> which is blatantly a lie - they merely edited his words to bring together two distinct sentences in a misleading manner
I think merely is not the right word to use. For example, let’s say I say
in https://news.ycombinator.com/item?id=46285977, ndsipa_pomu wrote “I […] think the lawsuit has merit as […] it seems […] to have made any difference to people's opinions of Trump”
, isn’t that having ndsipa_pomu say things they never said?
I get your point, but that's just editing text and I did not "say" those words, but typed them - the BBC was broadcasting parts of Trump's speech, so it is literally his words. Also, that's a lot more editing with your example and doesn't entirely make sense without the "not" - there's also the argument that deliberately leaving out negations is a malicious attempt to change the meaning.
The BBC editing was "merely" snipping out a bit in the middle - likely due to time constraints. I don't agree with their editing, but it's not in the same ballpark as your example.
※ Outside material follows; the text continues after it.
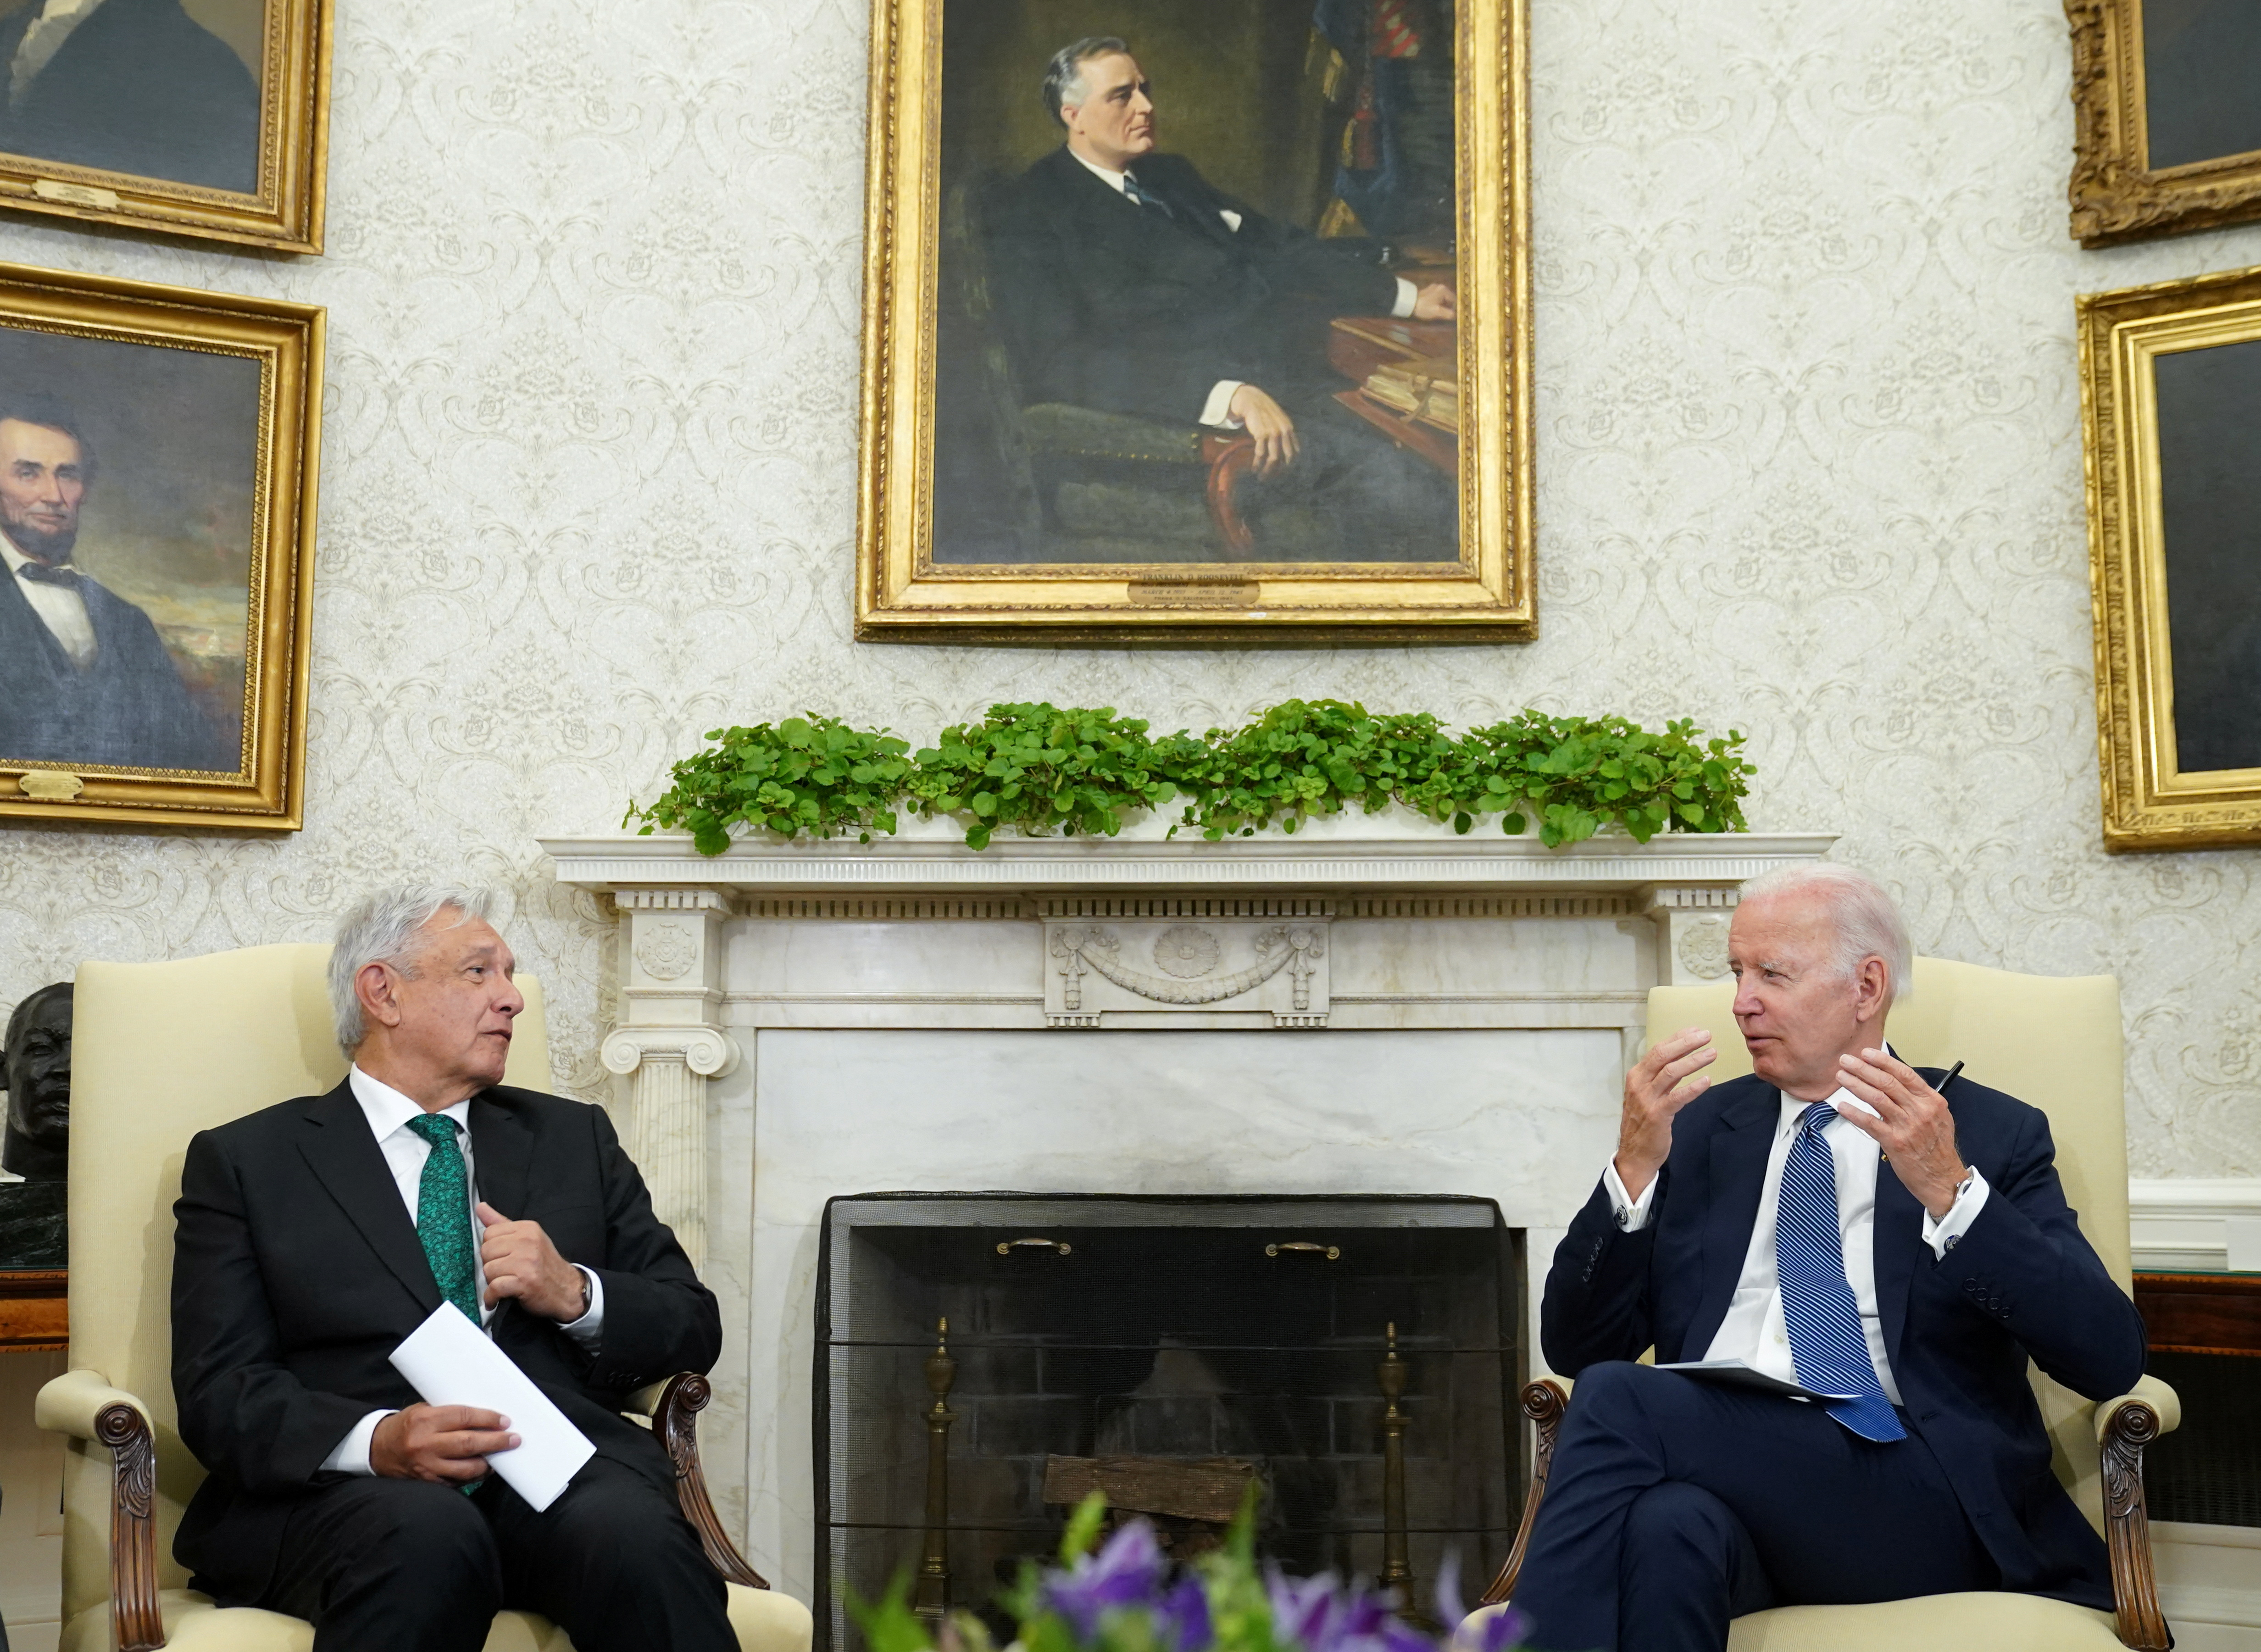 FILE PHOTO - U.S. President Biden meets with Mexican President Andres Manuel Lopez Obrador at the White House in Washington

Incidentally, I have previously raised a complaint with the BBC for one of their news articles when they edited a bike cam video by snipping out a bit in the middle. The removed part showed an aggressive driver performing a dangerous close pass on a group of cyclists, so without that, it made it look like the cyclists were hassling the driver for no reason.
I think merely is not the right word to use. For example, let’s say I say
in https://news.ycombinator.com/item?id=46285977, ndsipa_pomu wrote “I […] think the lawsuit has merit as […] it seems […] to have made any difference to people's opinions of Trump”
, isn’t that having ndsipa_pomu say things they never said?